__Extracted records__.
--- START ---

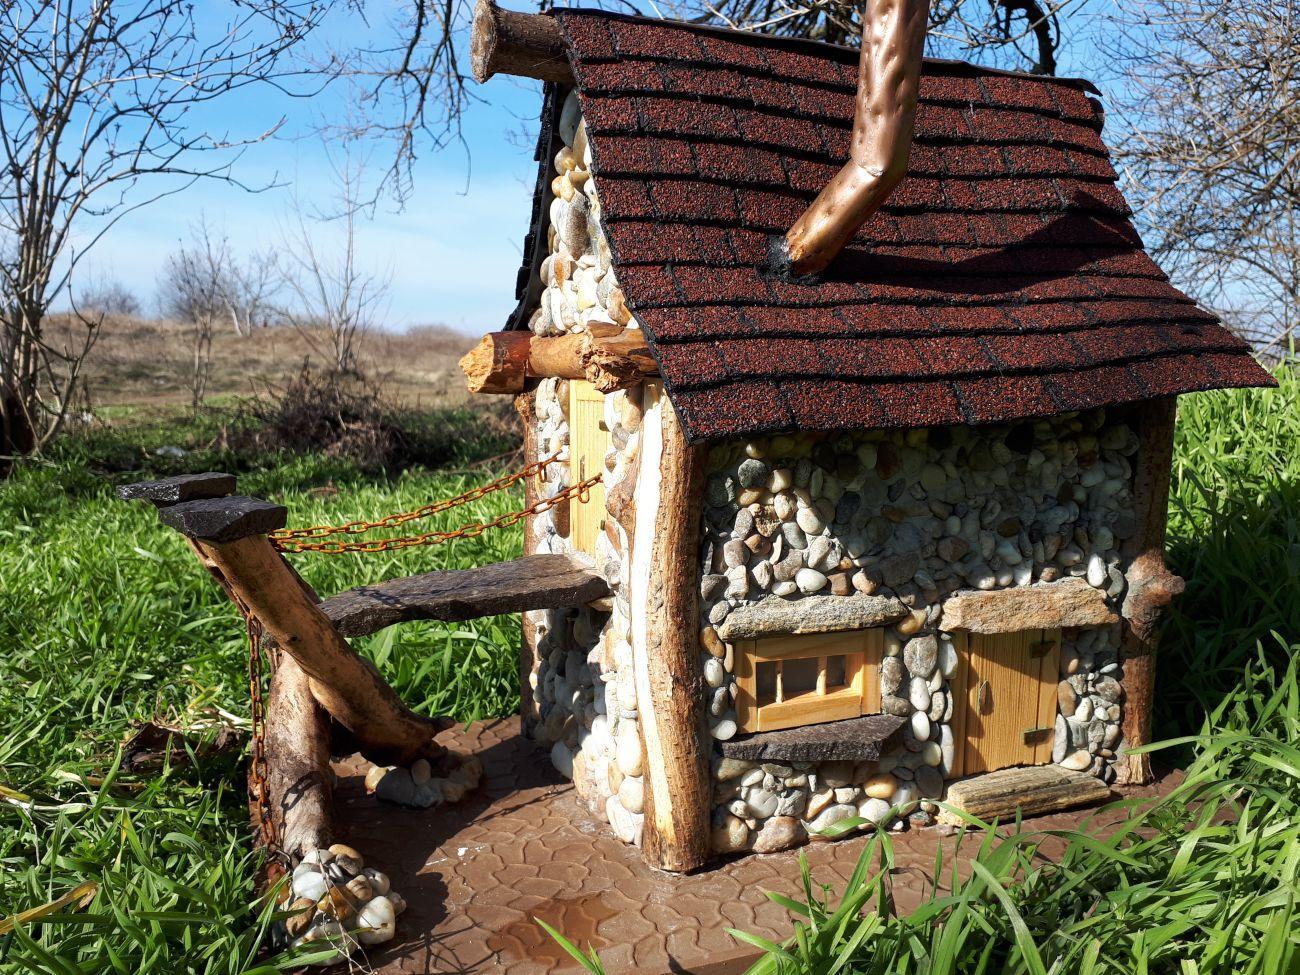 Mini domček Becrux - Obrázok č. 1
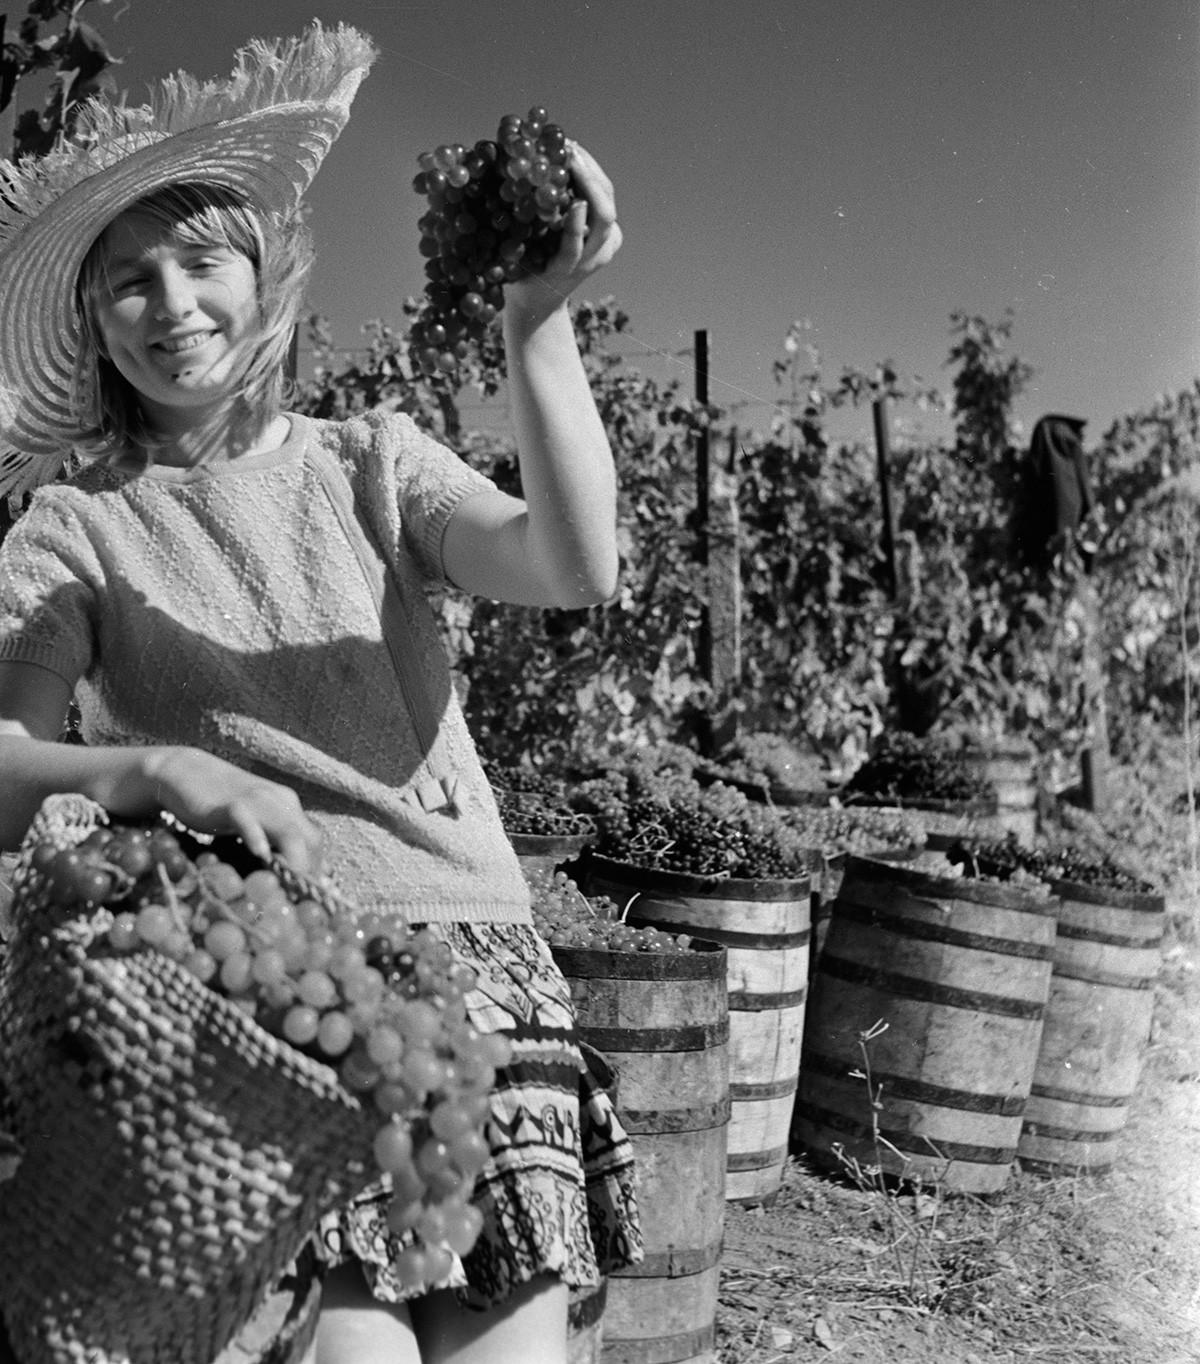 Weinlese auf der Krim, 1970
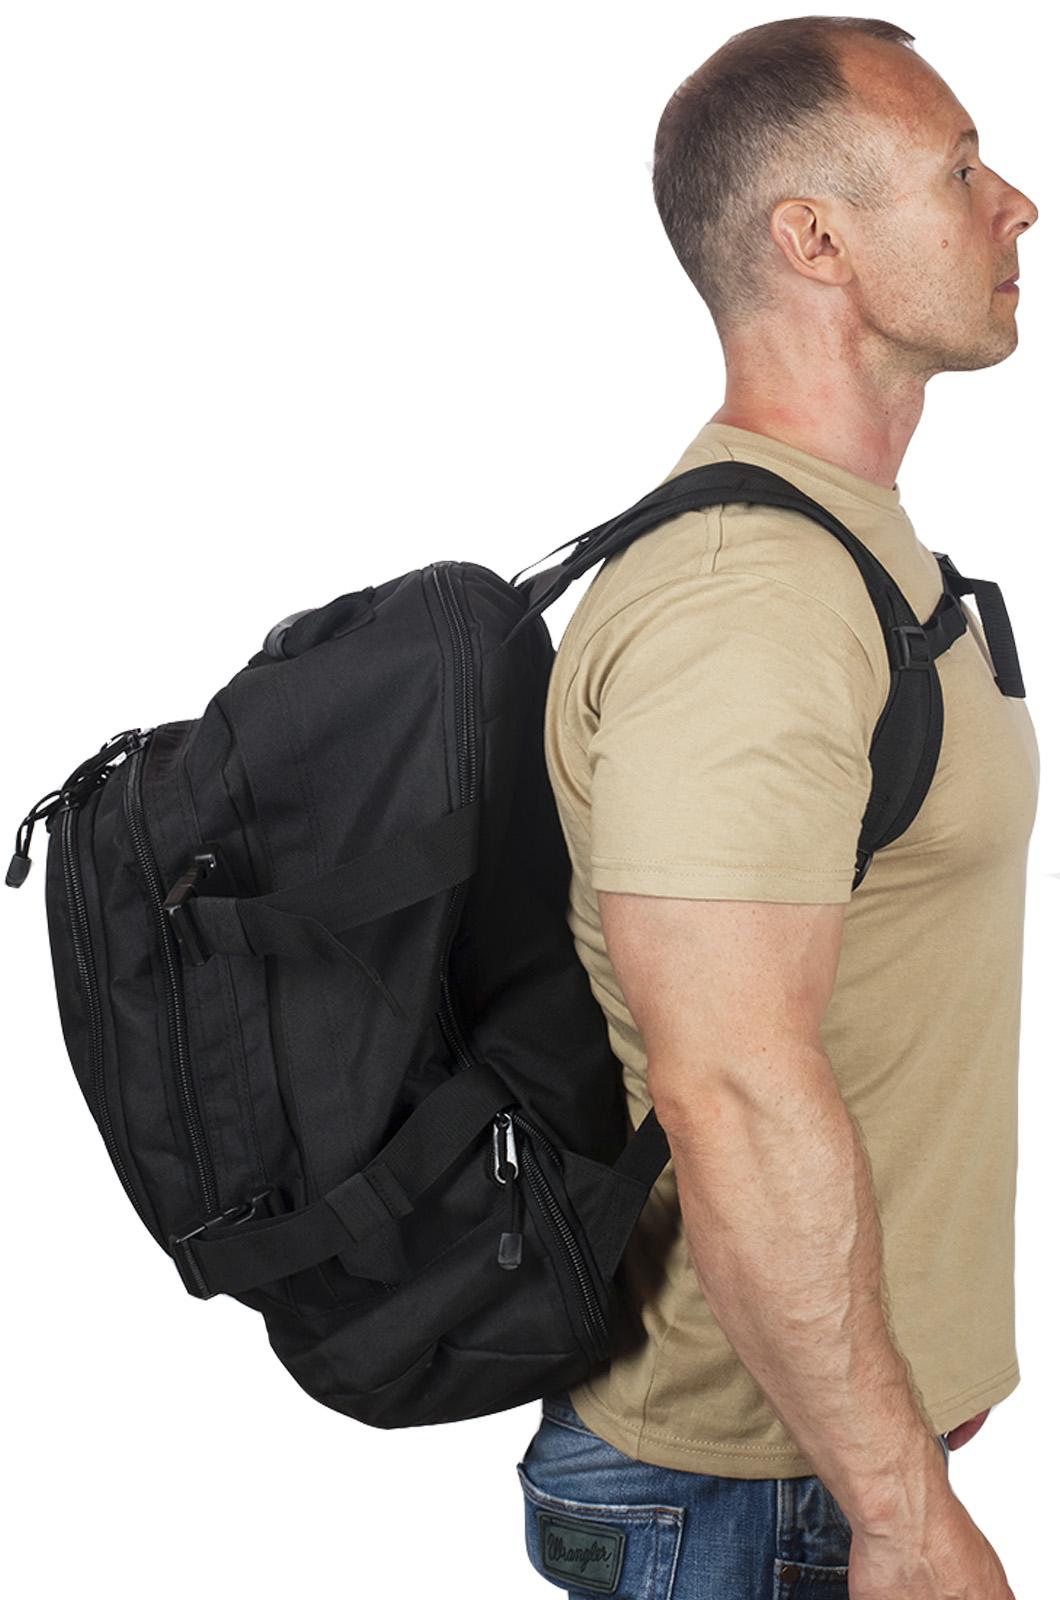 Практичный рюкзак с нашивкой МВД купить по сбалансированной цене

--- END ---
--- START ---

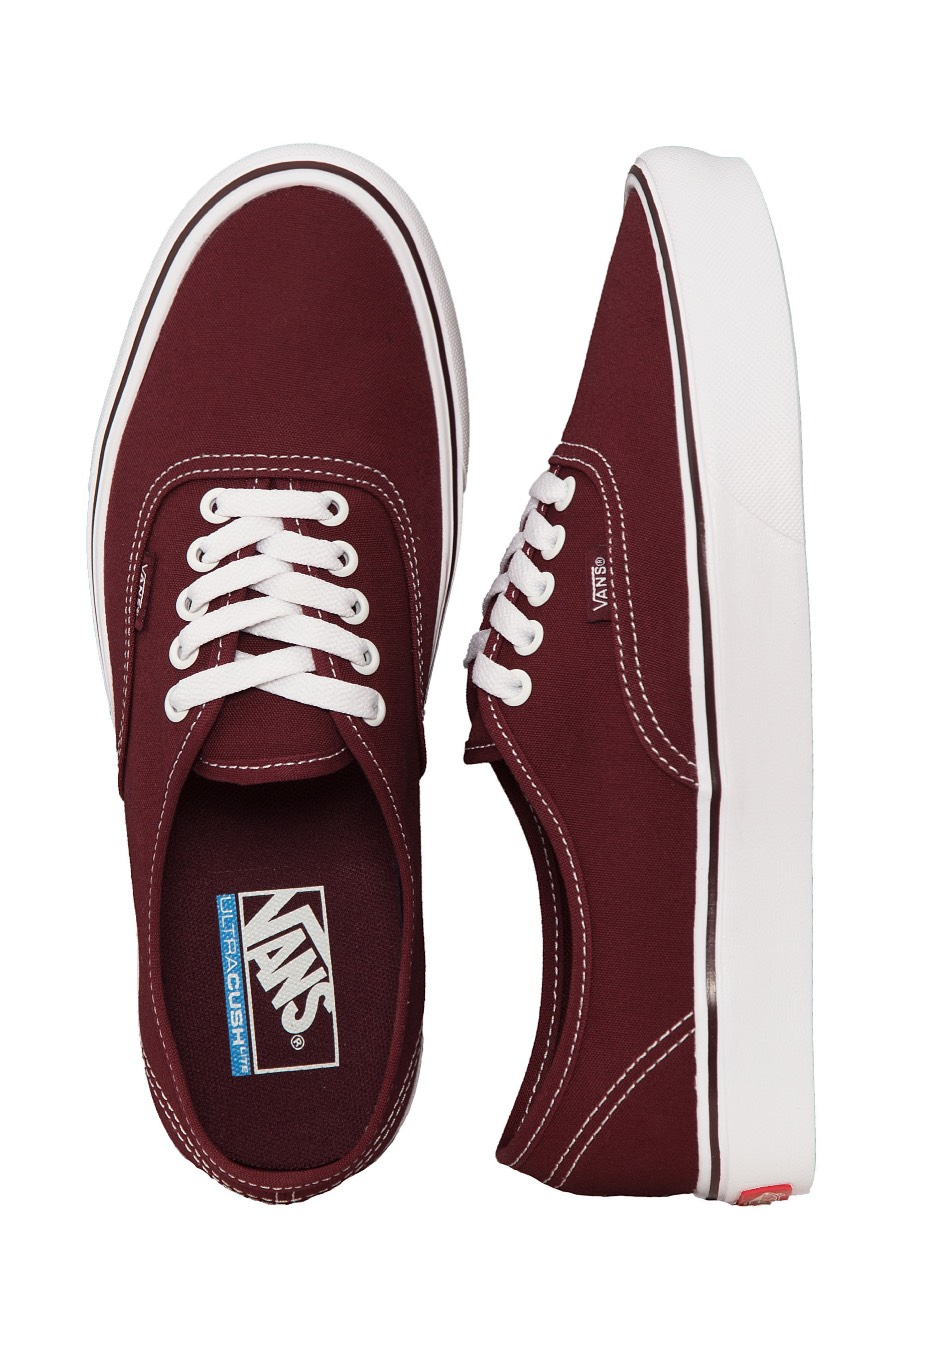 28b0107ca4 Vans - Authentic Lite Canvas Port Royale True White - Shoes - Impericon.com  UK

--- END ---
--- START ---

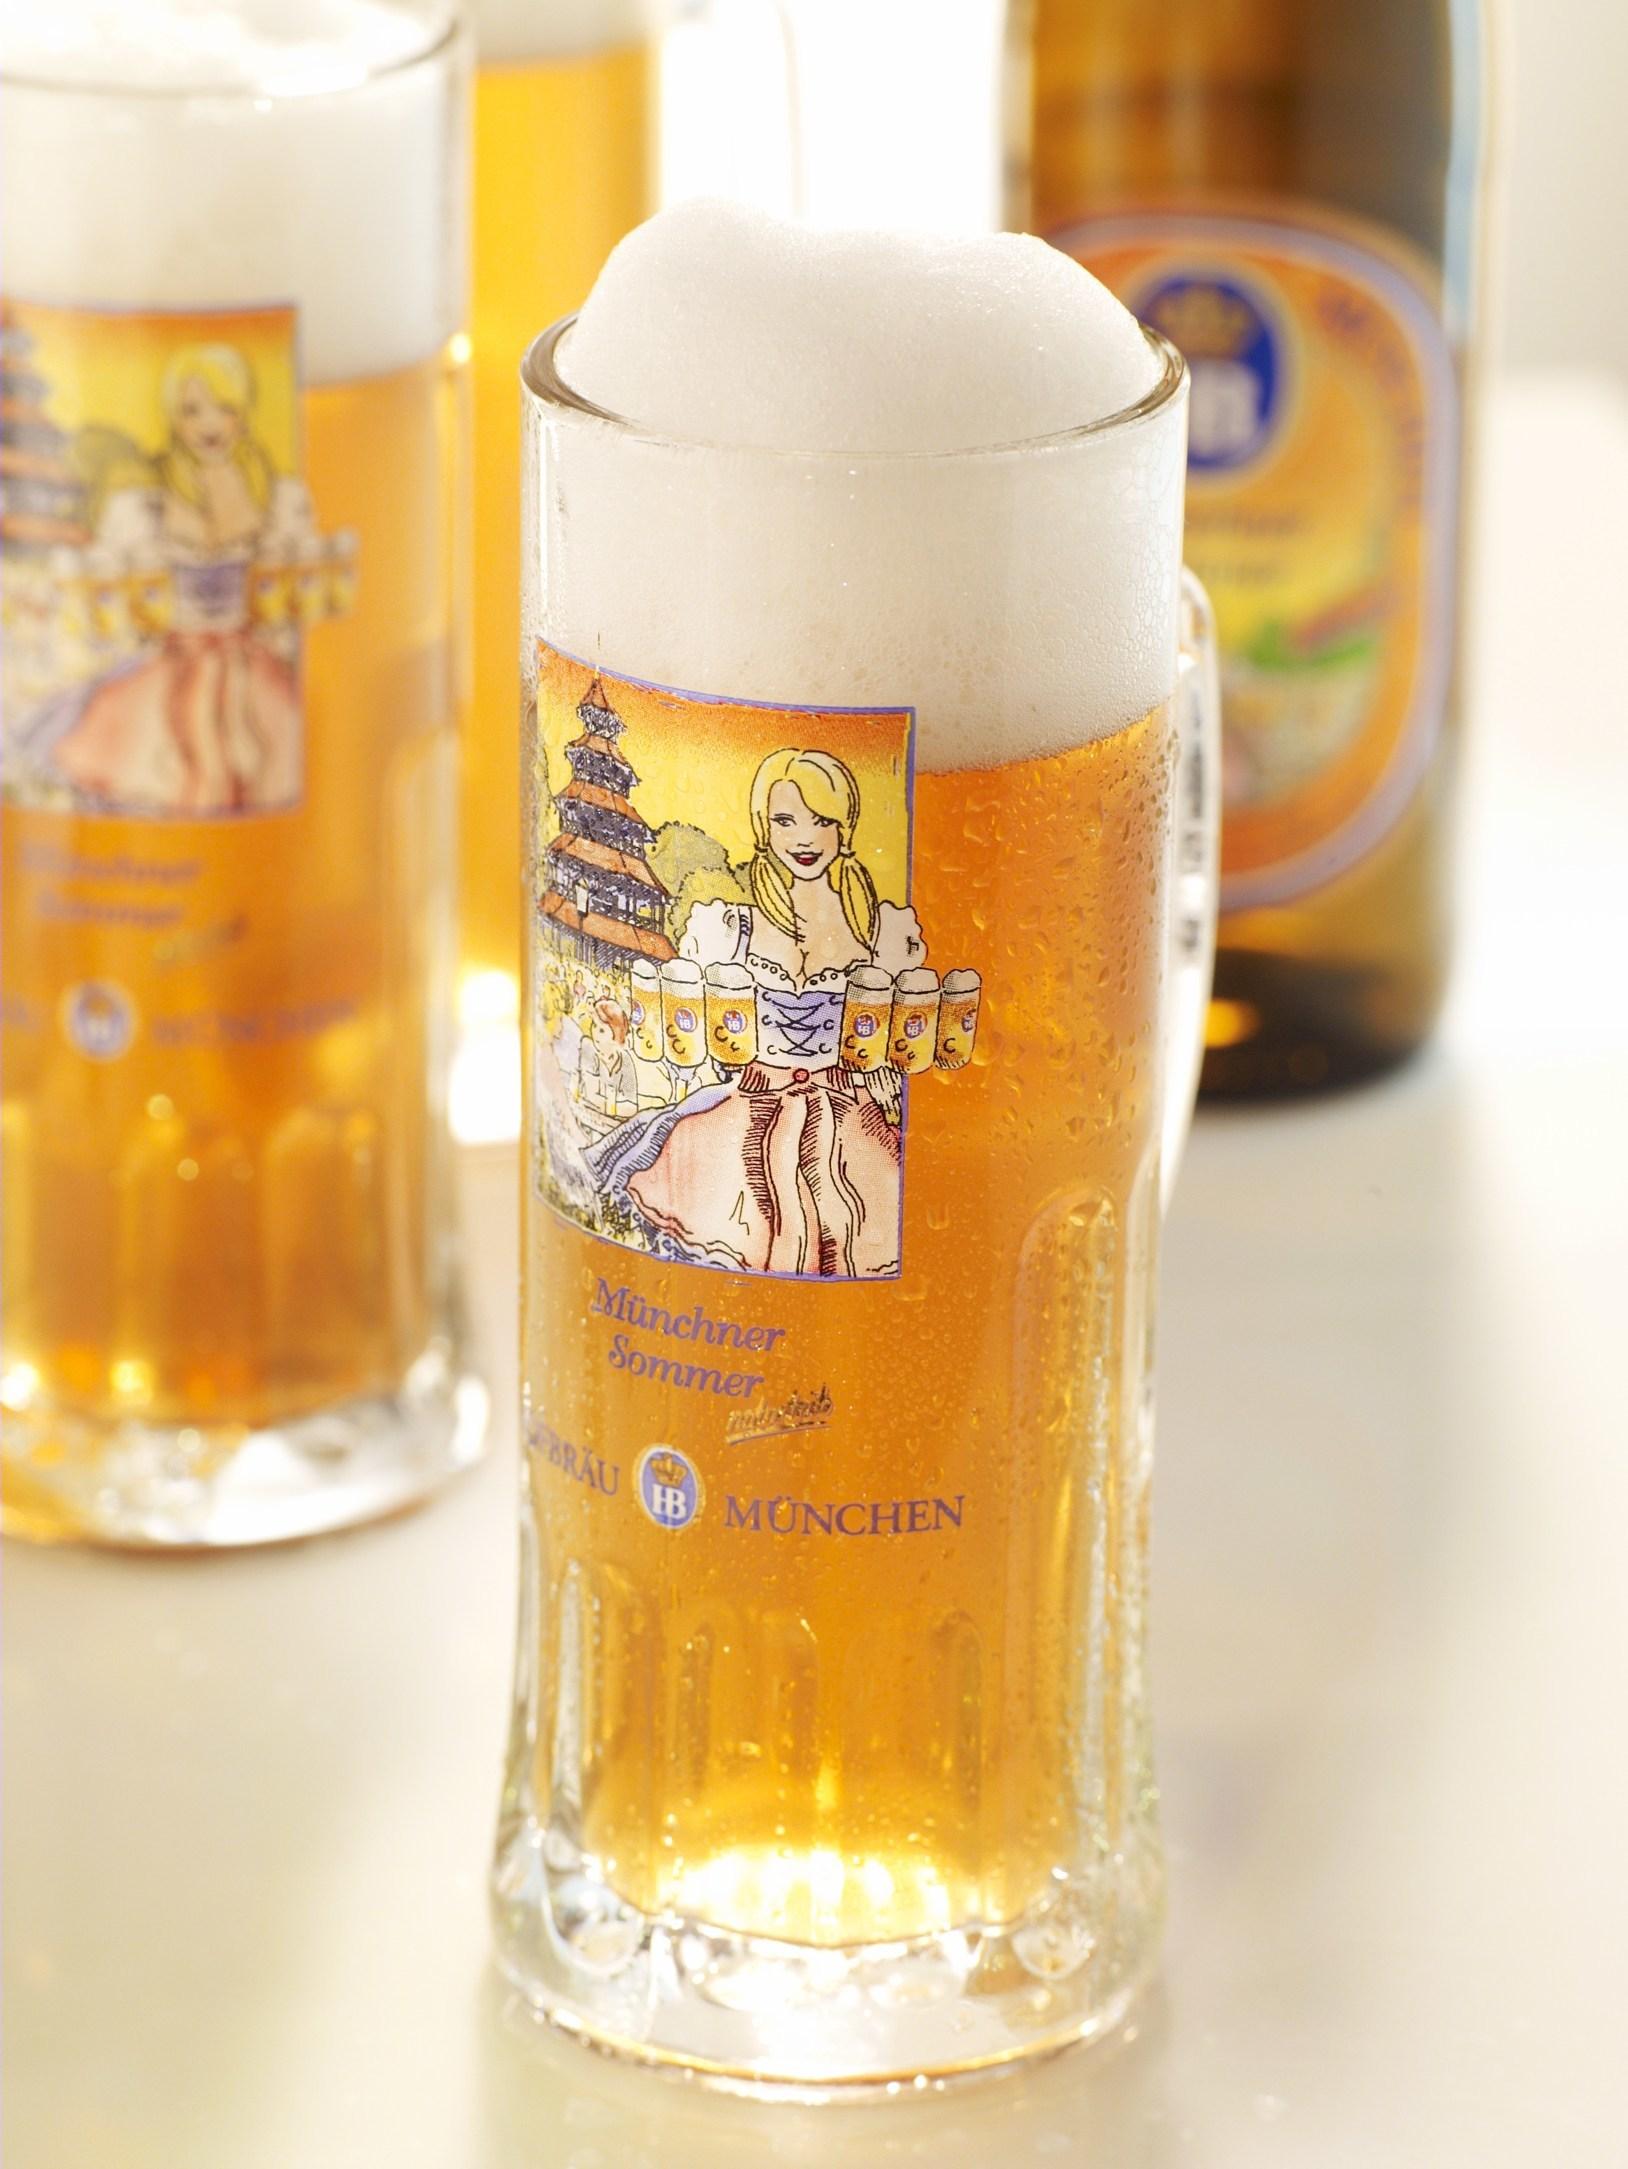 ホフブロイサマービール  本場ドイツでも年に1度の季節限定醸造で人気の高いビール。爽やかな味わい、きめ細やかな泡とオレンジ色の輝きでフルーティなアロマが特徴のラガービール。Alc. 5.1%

--- END ---

__Exercise goal__. Range to copy from the listing above: the line containing "Weinlese auf der Krim, 1970" down to the line containing "Практичный рюкзак с", both included. Reproduce it exactly, minus the pictures, and add nothing.

__Written solution__.
 Weinlese auf der Krim, 1970
 Практичный рюкзак с нашивкой МВД купить по сбалансированной цене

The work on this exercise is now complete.